Additionally, he said the water demands are huge in oil shale processing.

Molvar said current oil shale methods use seven gallons of water for every gallon of oil produced, while the most advanced methods of conventional oil production at present consume 3.5 gallons of water for each gallon of oil.

"Oil shale production consumes huge, huge amounts of water, and the identified oil shale deposits across the West are all in the Colorado River Basin … and that water is already over-appropriated for irrigation and municipal use," he said.

"Where will all this water come from?"

Molvar said the worst impacts may be to the land itself. He noted traditional oil shale extraction methods could require massive open-pit strip mines up to 2,000 feet deep.

Under Shell's in-situ scenario, Molvar said some 100 wells would be required for every 10 acres to recover the resource. "Thus, 100 percent of the land surface must be bulldozed and flattened," he said.

But Boyd said there has been "literally near hysteria" about the energy and water demands that might be required for full-scale commercial production and whether the return will be worthwhile.

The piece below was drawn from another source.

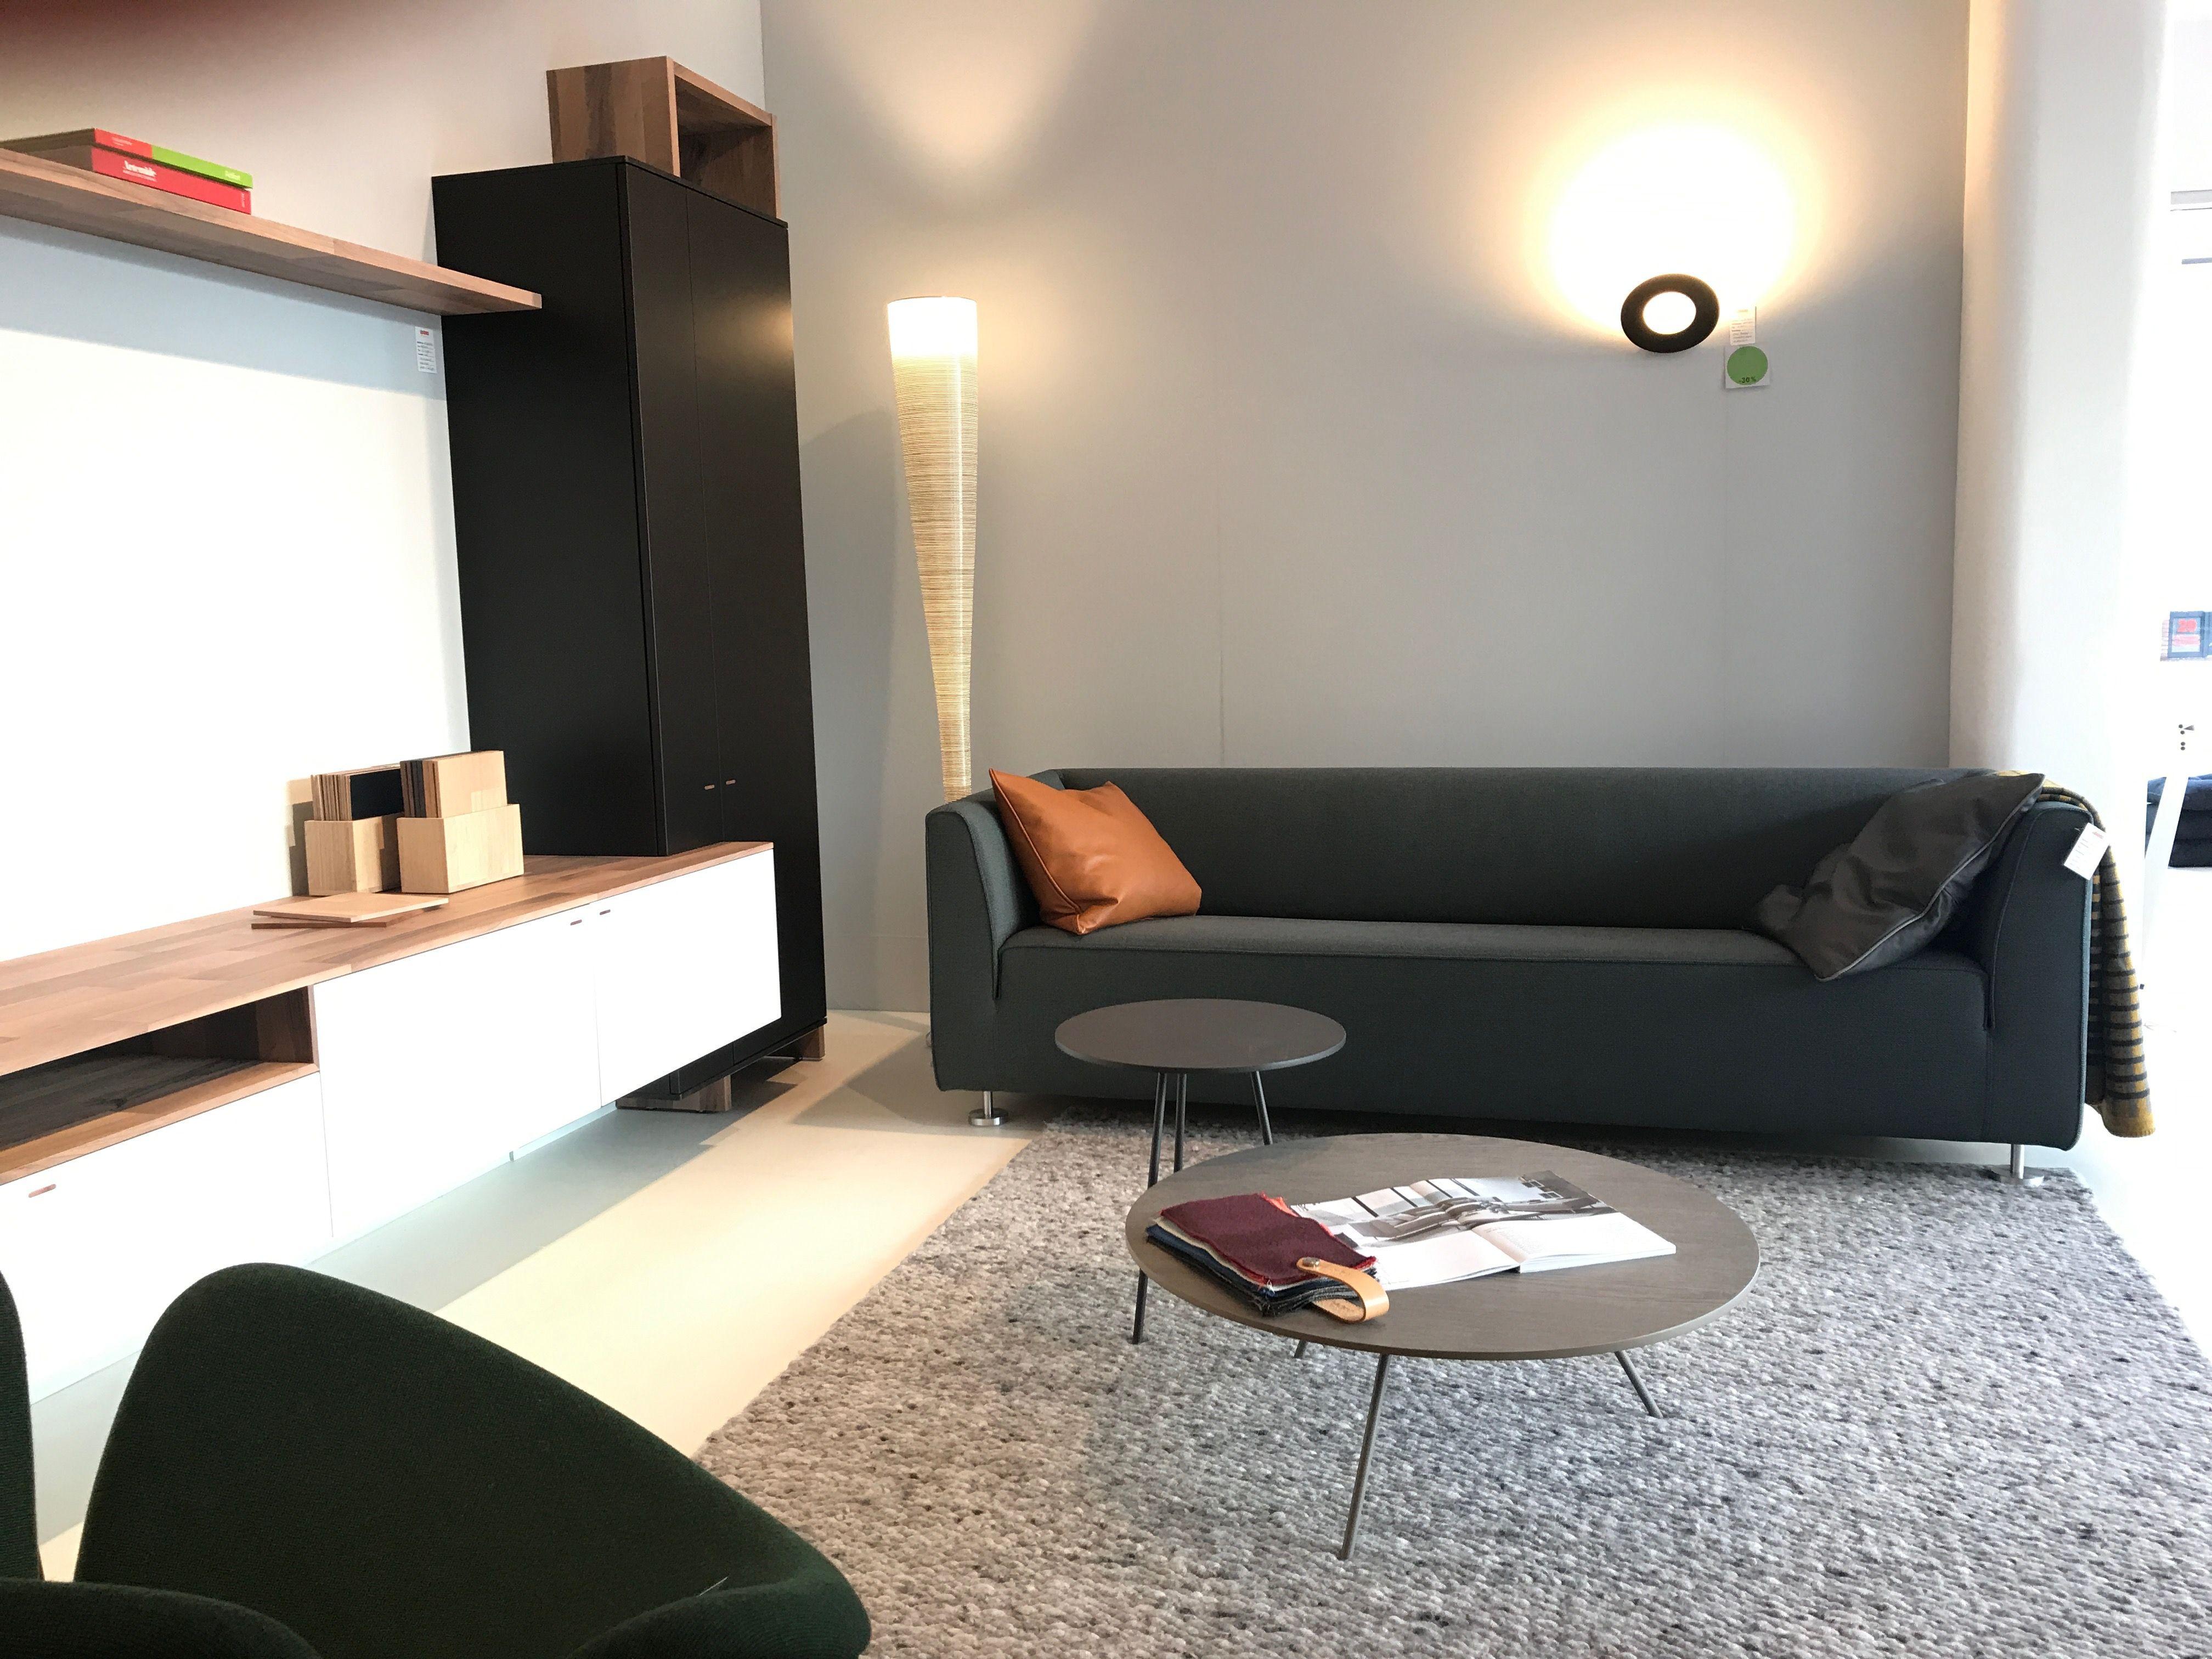 Zwart Leren Bank Gelderland.Gelderland Bank Model 4800 In Een Donker Groene Stof Design

"In the Piceance Basin … we're talking about the most intensely concentrated hydrocarbon resource on the planet that's estimated by the (U.S.) Department of Energy to be somewhere between 1-2 million barrels per acre, which is huge," he said.

"So now (with the research projects) we're trying to limit the uncertainty, to get a better grasp on the technology, and it's a long, slow process," Boyd said.

"It's the unknown and the questions (about water and energy) that are the things we're trying to resolve through this research and development program."